The massive destructions and the carnages of the Second World War have given to world capitalism a shortcut to get out of the 1929 crisis, and gave rise to a new cycle of capital accumulation, left almost completely untainted by the overproduction crisis: it was the infamous, pretty well reckoned by economists and journalists, 30‑year period of the “Boom”. However, this cycle has ended forever with the inception of the first overproduction crisis of the years 1974‑1975. Since then, and as it used to occur in Marx’s own times, in a 7‑10 years long cycle, capitalism has fallen into an international overproduction crisis following a growth phase: internal and external commerce have shrunk considerably, the cases of bankruptcy of commercial and industrial enterprises have exploded, the markets were overloaded with goods that are hard to dispose of. Bankruptcies have led to mass‑scale unemployment and corporate reorganizations. With the accumulation of uncollected payments, banks themselves go bankrupt and the price of bonds and stocks fall, and capital enters into a deflation spiral.

Both industrial and financial bourgeoisie, faced by the crisis of their economic system which had granted them enormous privileges, has responded with the systematic adoption of subcontracts and delocalizations, thus making the workers more and more vulnerable. Monopolies and global corporations respond with massive delocalizations in countries where the low‑cost manpower can be exploited without restrictions, like China.

This “globalization”, as the servant economists of the bourgeoisie go calling it, has allowed worldwide capitalism to delay its own crisis of 30 years approximately.

In addition, a ruthless speculation is taking place everywhere: on raw materials – petroleum, gas, etc. – on dairies, real estate and so on, in cahoots with a generalized deregulation and dismantling of public services, which Capitalism is not able to grant any longer. Any trick or maneuver can be accepted as long as it produces profits. The suffering inflicted to the workers by this economic policy is something of which the bourgeoisie is not worried about. What worries them and their governments is the spreading of capitalism’s crisis in every corner of the world, and the social unrest that could find their origin in it.

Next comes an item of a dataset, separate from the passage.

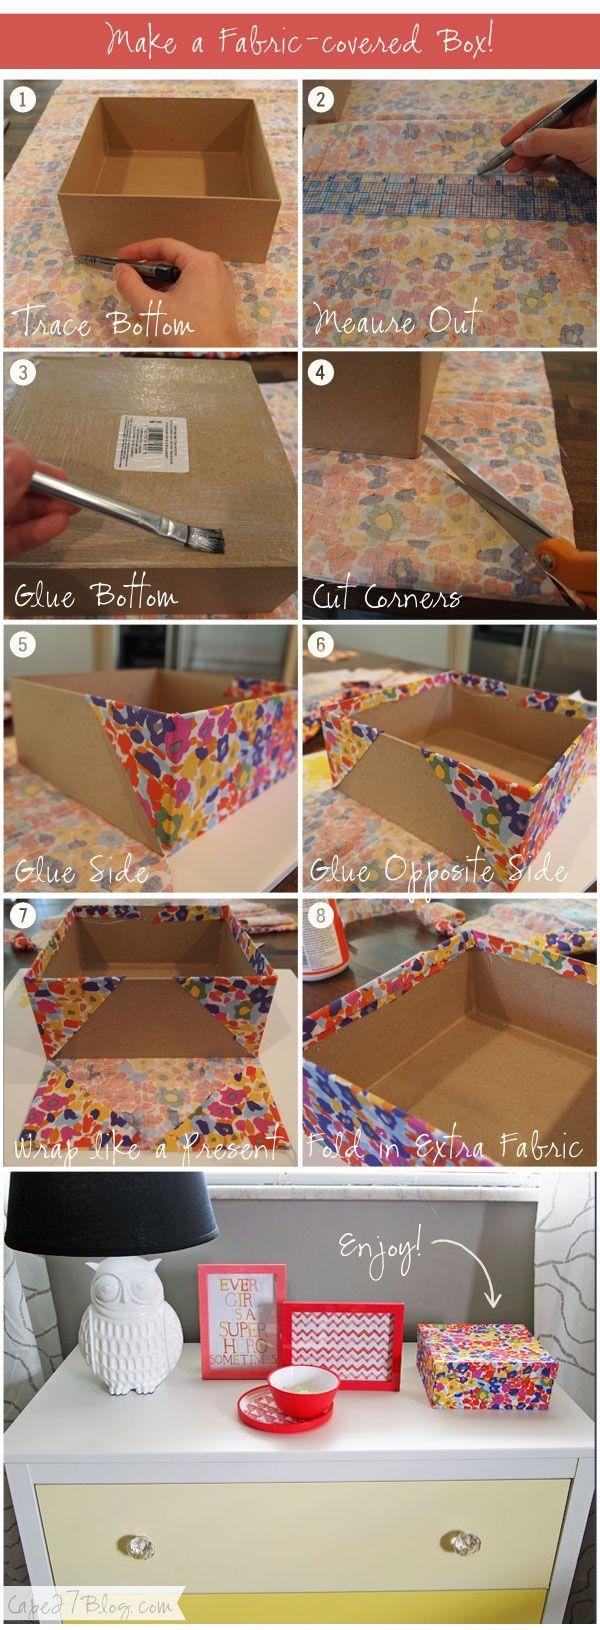 El taller de bielisa forrar una caja con tela for Forrar cajas de carton con tela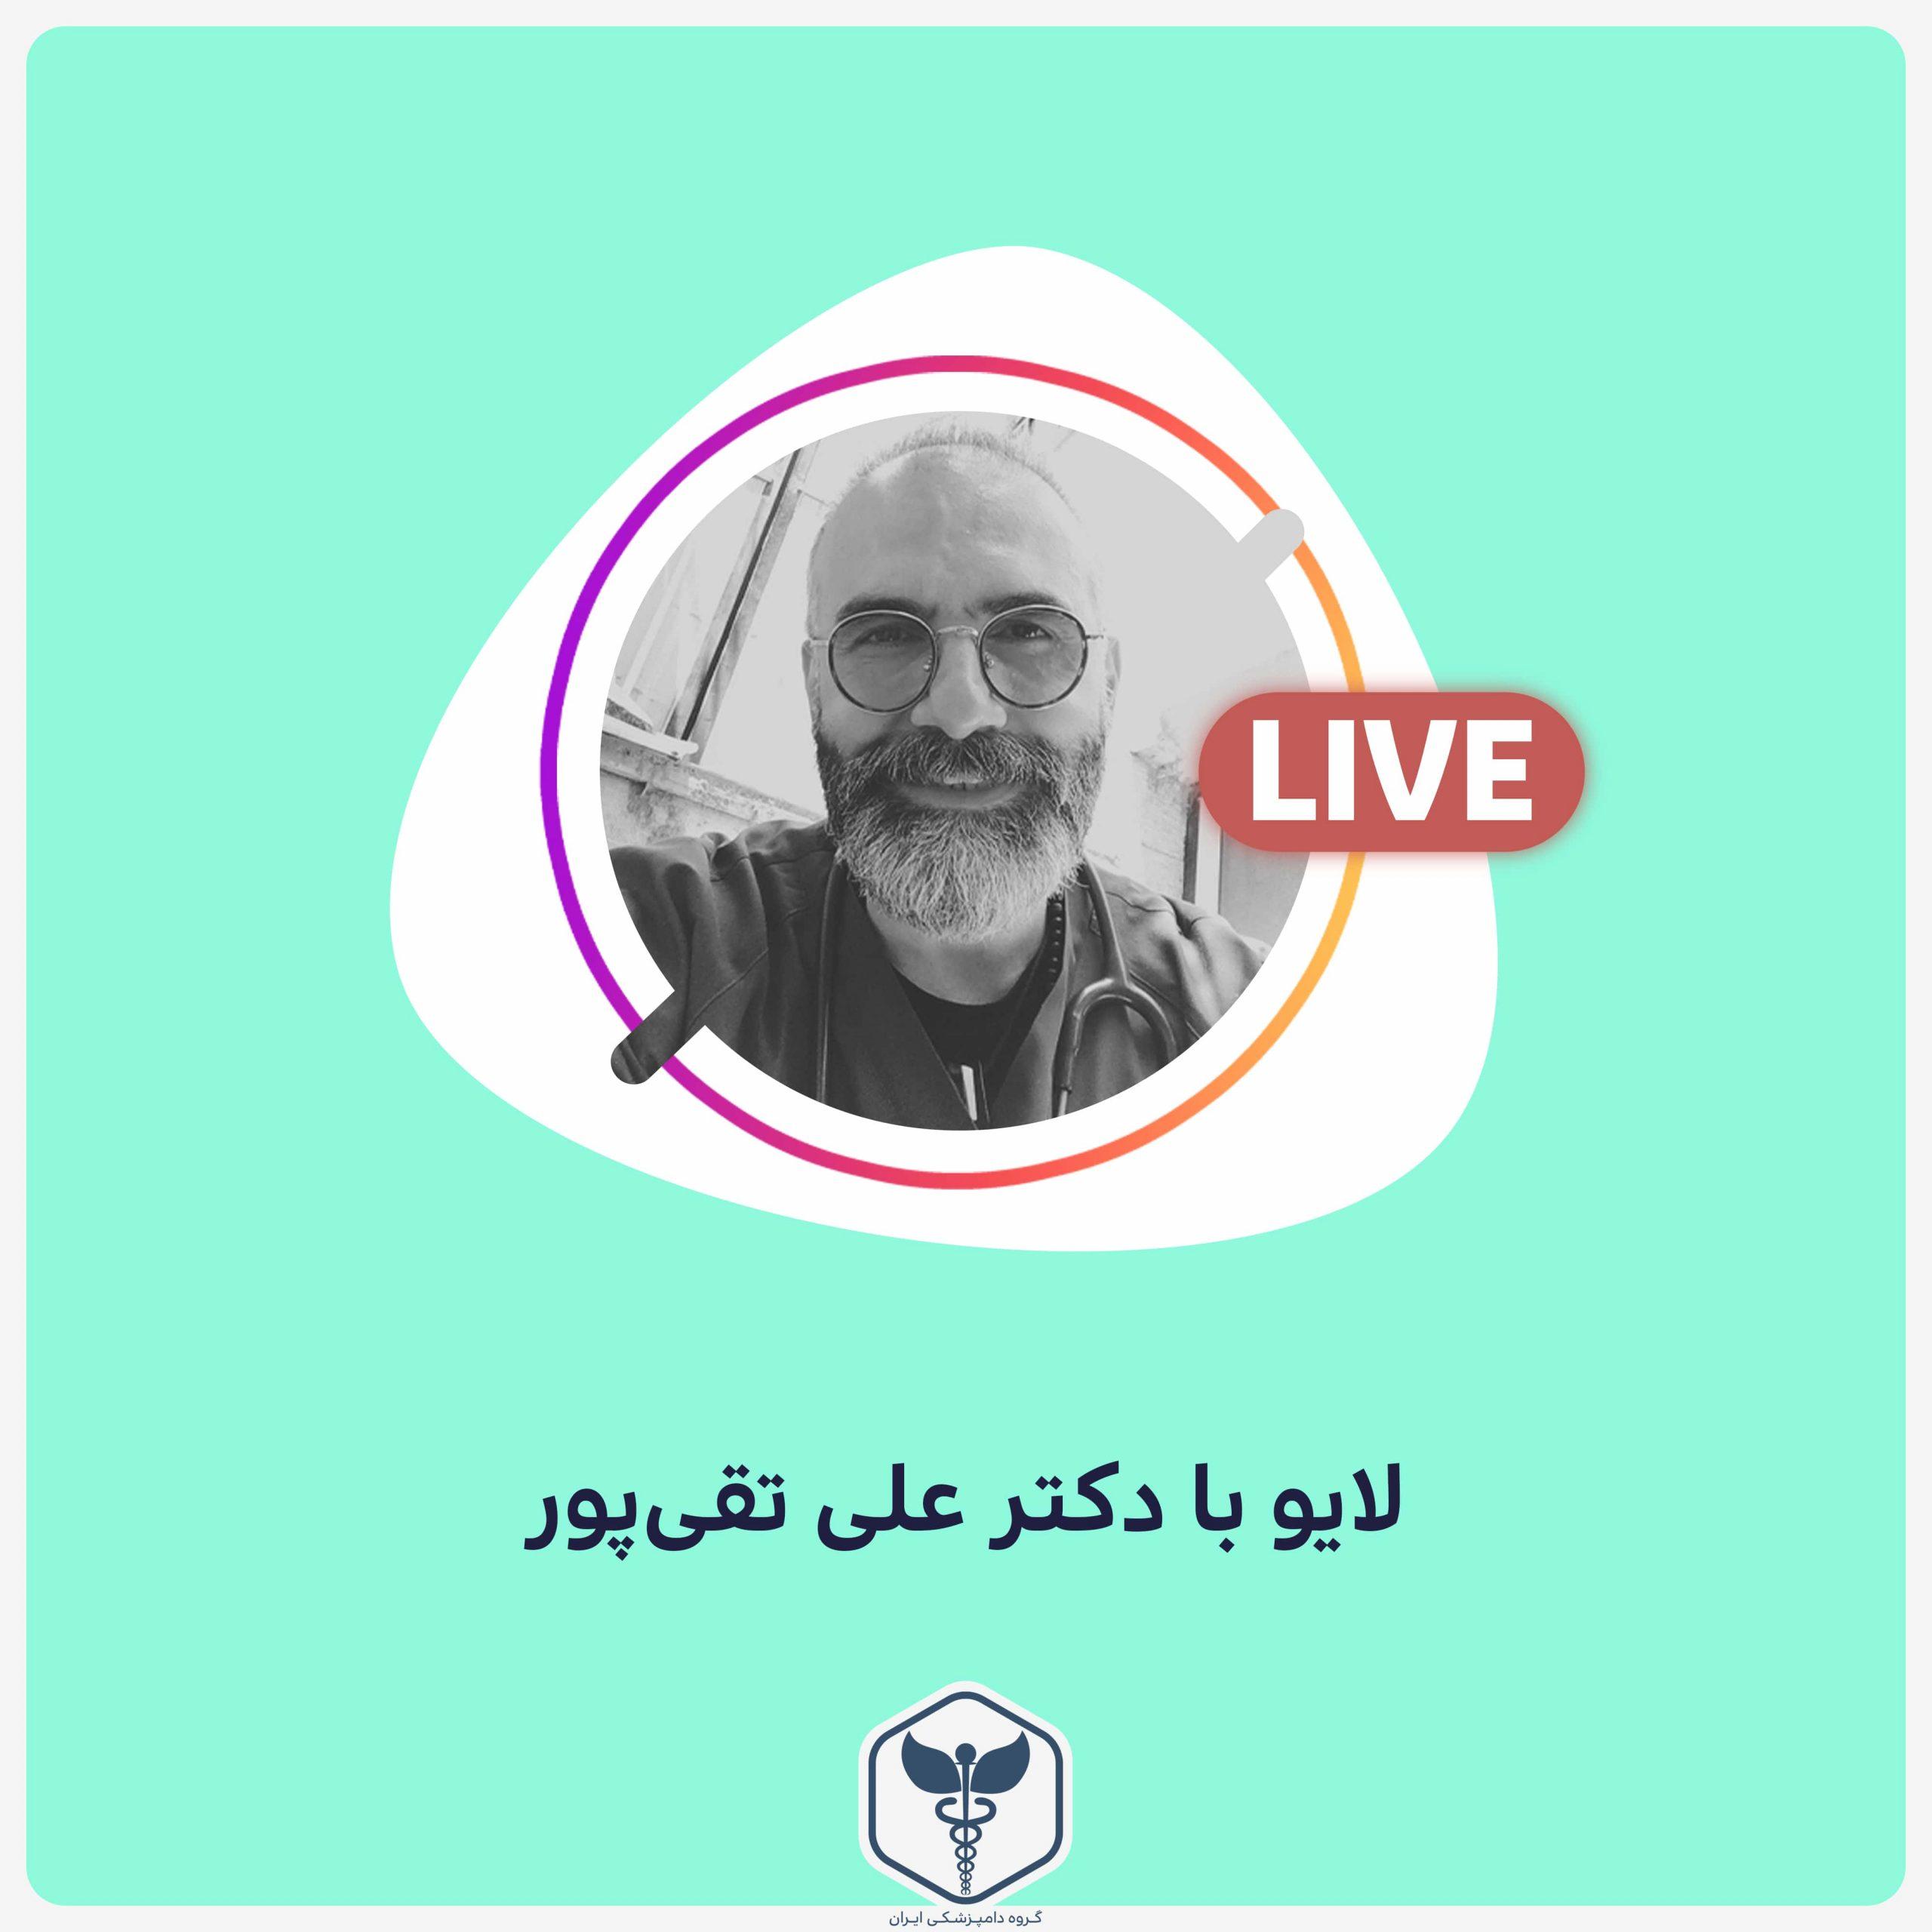 لایو با دکتر تقی پور

Nevertheless, the economic policy enacted by the bourgeoisie and its governments doesn’t solve anything! On the contrary, the crisis gets worse, crisis after crisis: cycle after cycle, the growth gets slower, while enterprise debt – as well as private and government debt – is growing so big to put the entire system at risk.

The same central banks detain thousands of billions of dollars in the form of bonds, many of which will never be refunded, thus pushing the crisis onto the very foundation of the entire financial system.

Notwithstanding, the solution exists: capitalism has in fact developed, by socializing the productive forces, the economic foundations of the communist society to an impressive extent; and in fact, this is the great role it has in history.

It is then the senile crisis of capitalism which imposes the necessity of a transition towards the communist society: a classless, communitarian society, without market-driven production, where the goal of production will be the satisfaction of the human needs, whereas the purpose of production under capitalist rule is the accumulation of capital.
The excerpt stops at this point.